What this task involves | From top to bottom, retype the data exactly, passing over any picture.

[[ Provided material open ]]

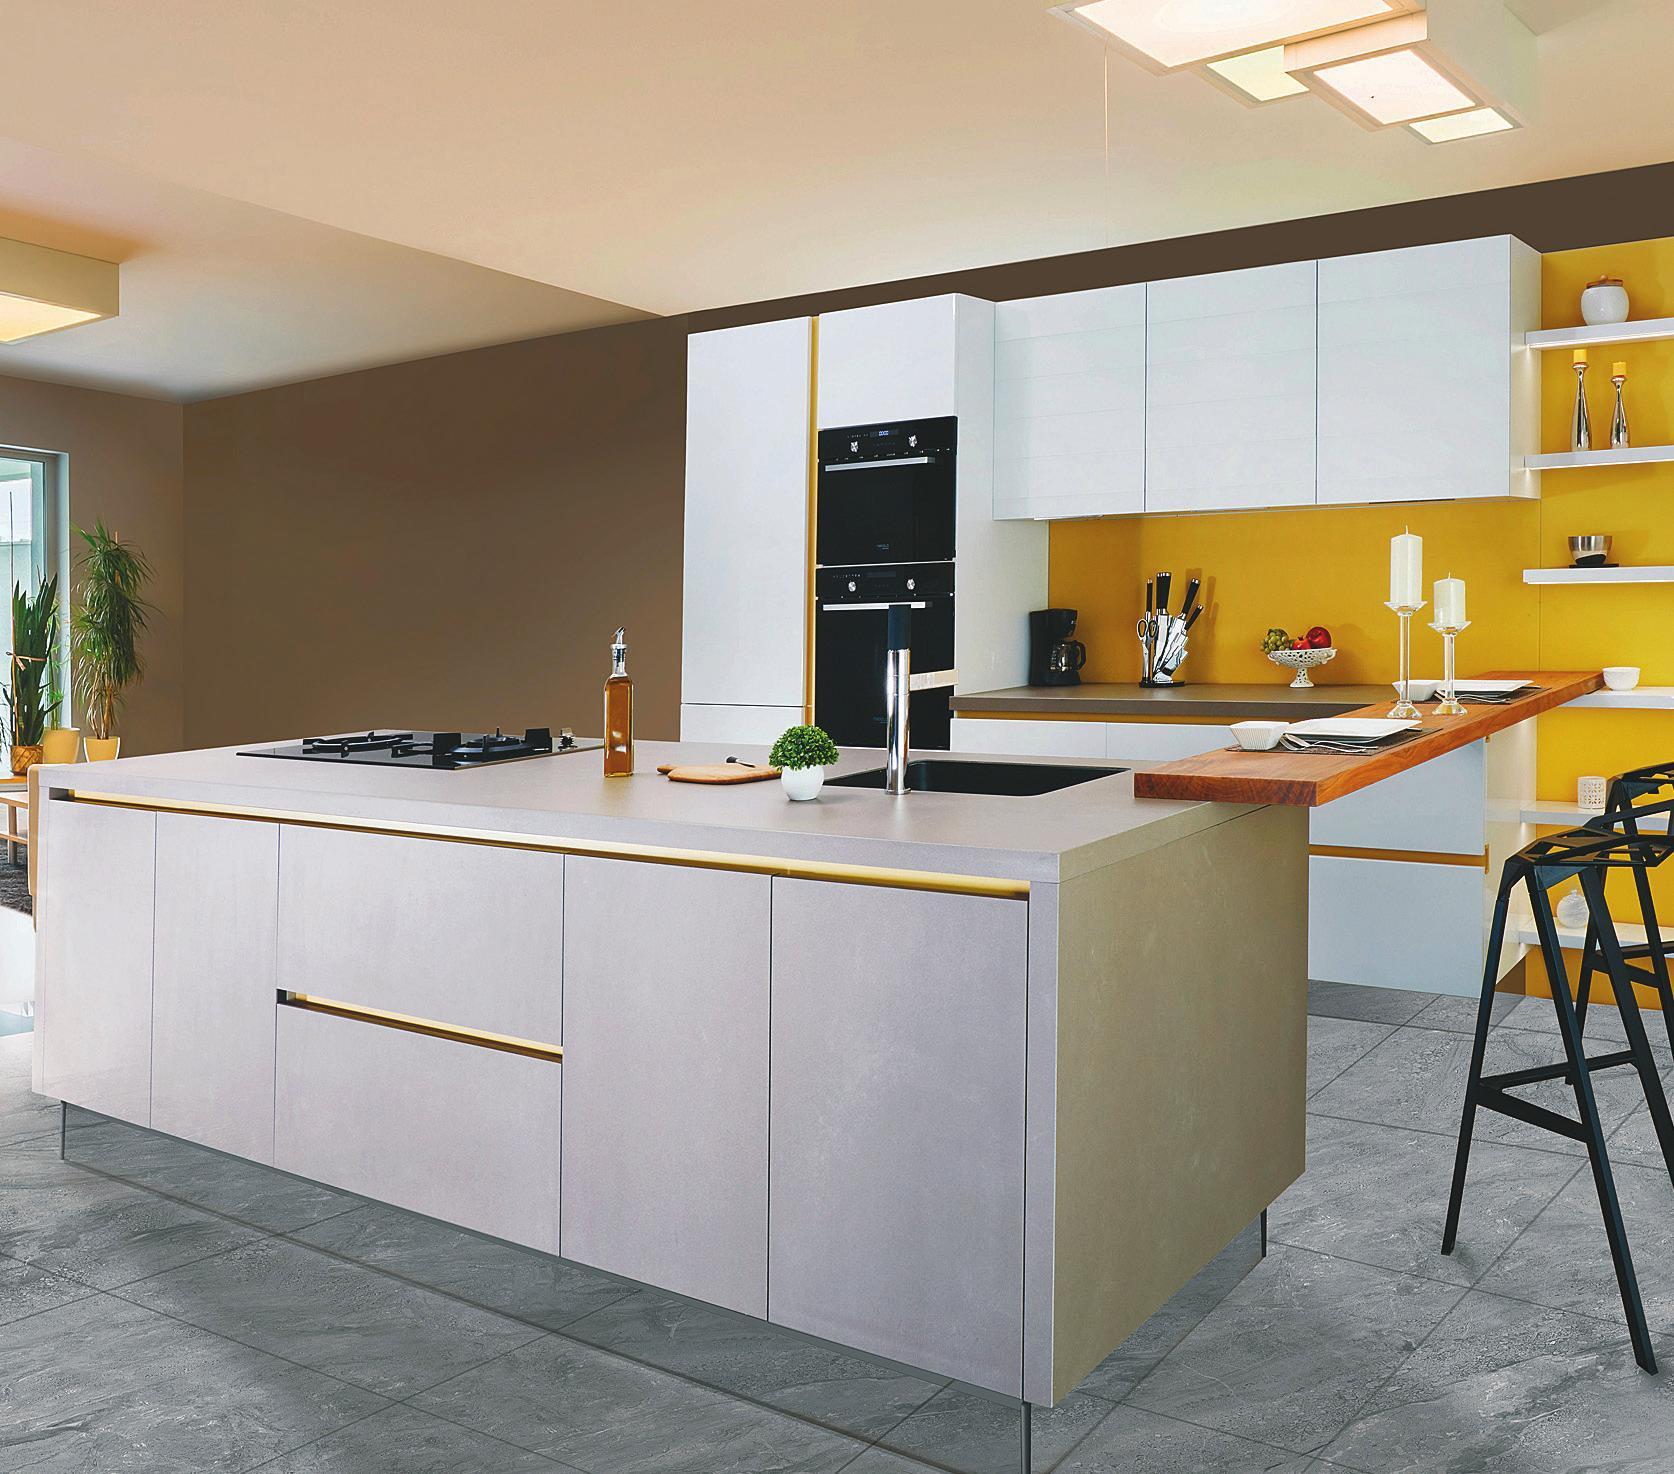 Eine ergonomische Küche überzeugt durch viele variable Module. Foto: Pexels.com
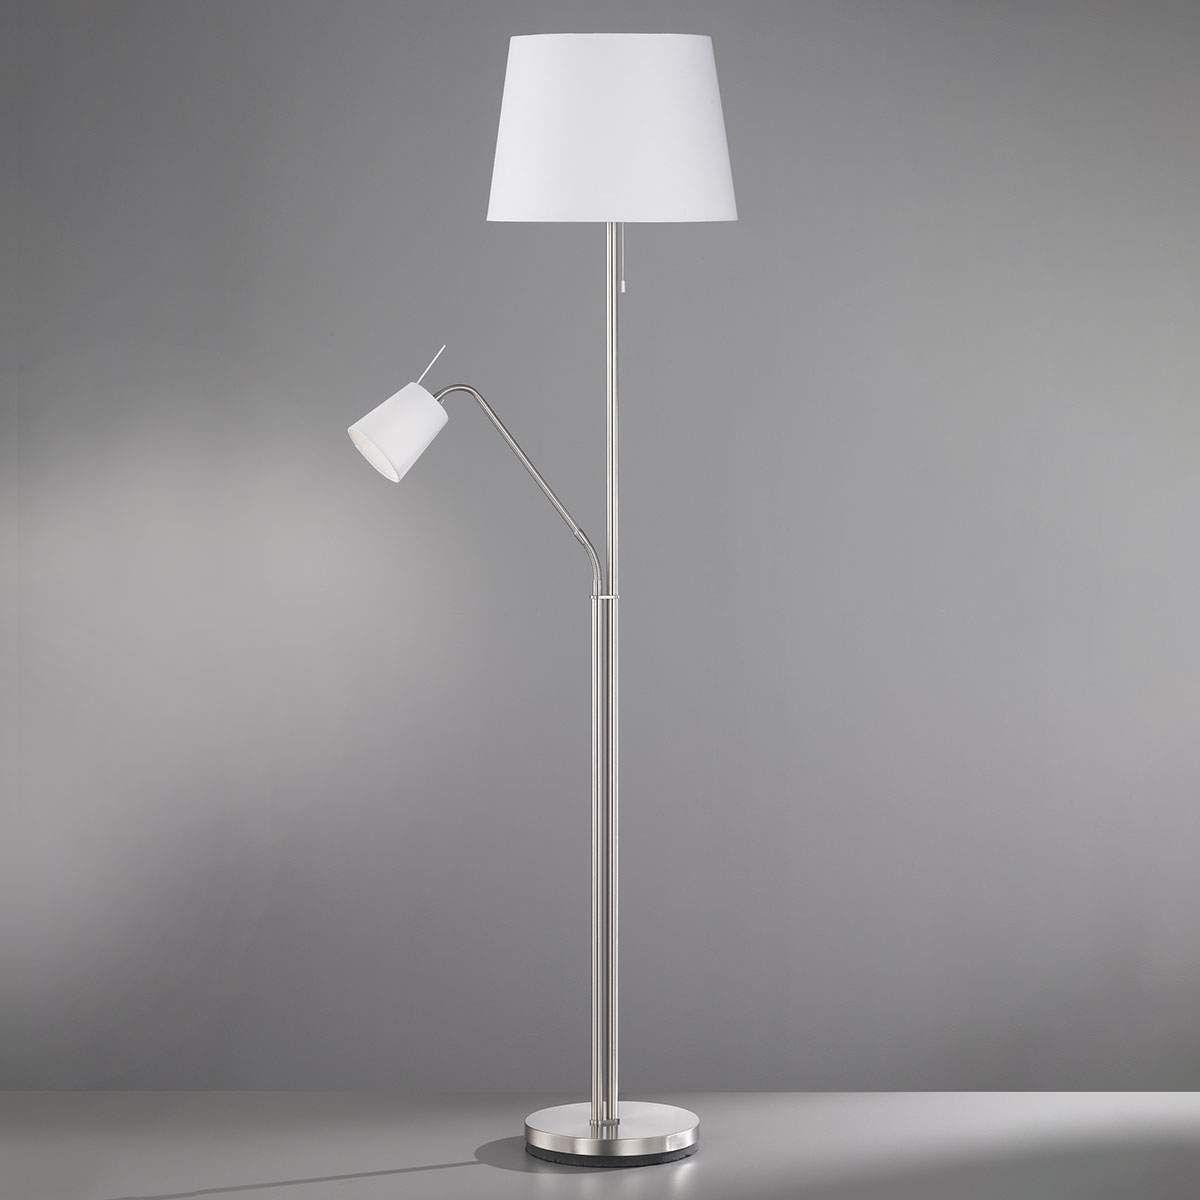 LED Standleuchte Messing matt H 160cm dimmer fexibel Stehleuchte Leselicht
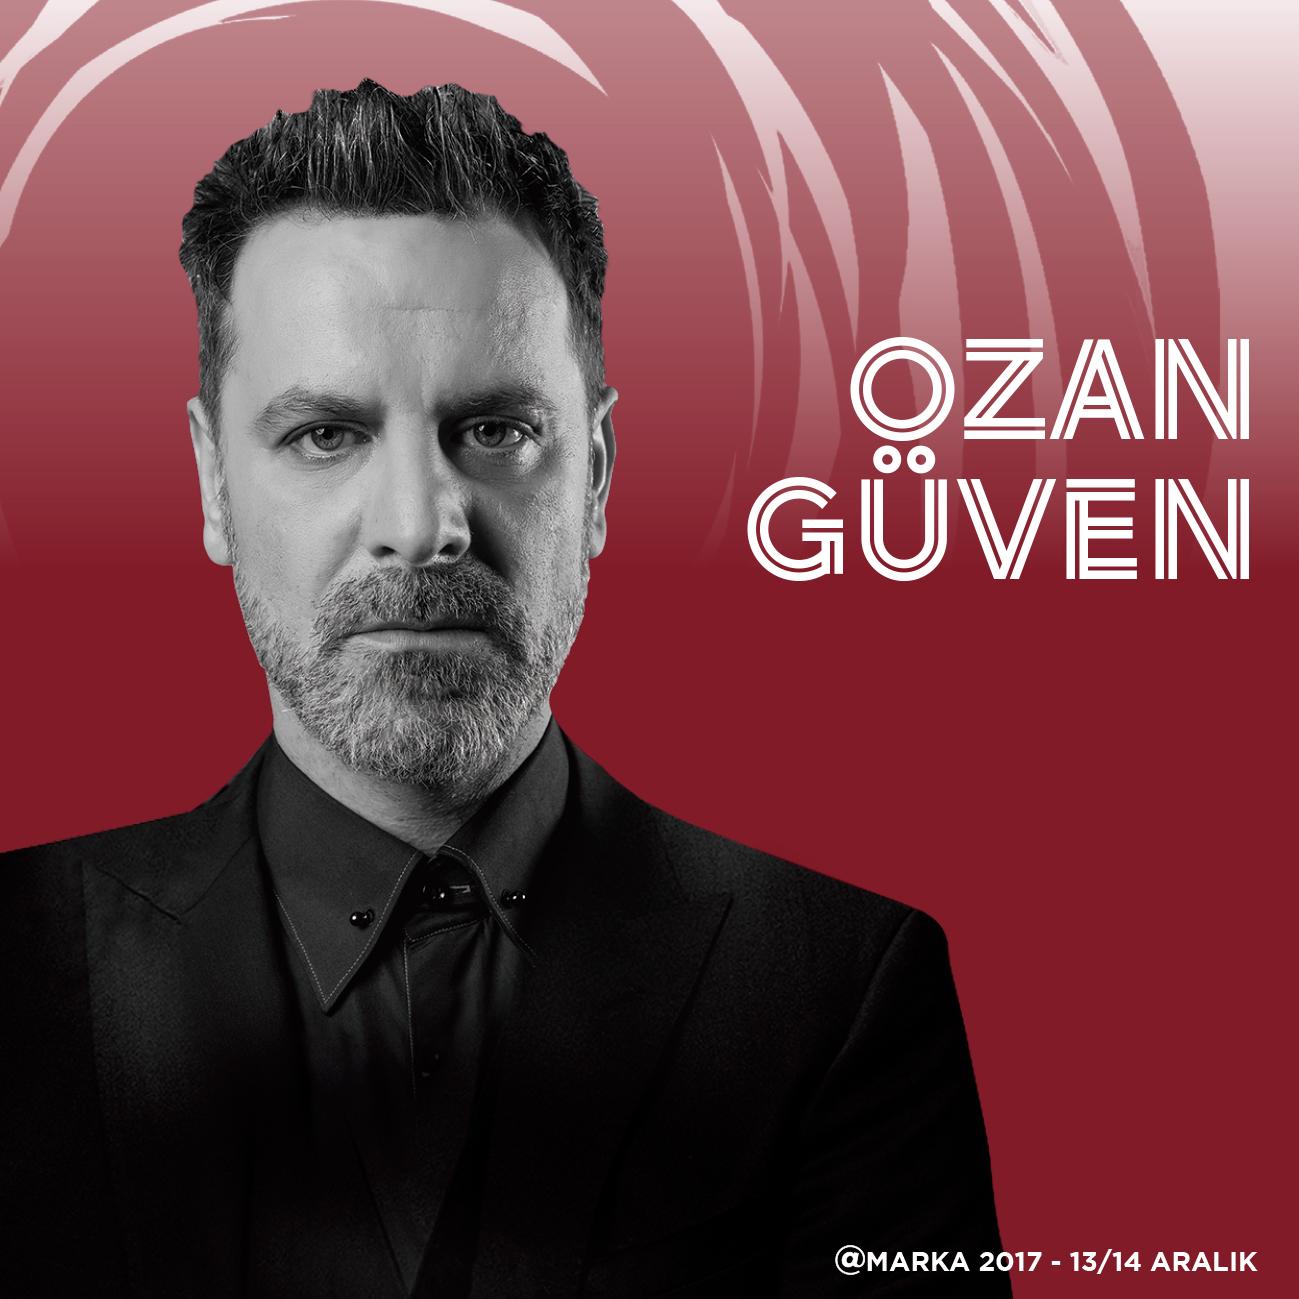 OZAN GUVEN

[[ Provided material closed ]]

Completed task |
 Eine ergonomische Küche überzeugt durch viele variable Module. Foto: Pexels.com
 LED Standleuchte Messing matt H 160cm dimmer fexibel Stehleuchte Leselicht
 OZAN GUVEN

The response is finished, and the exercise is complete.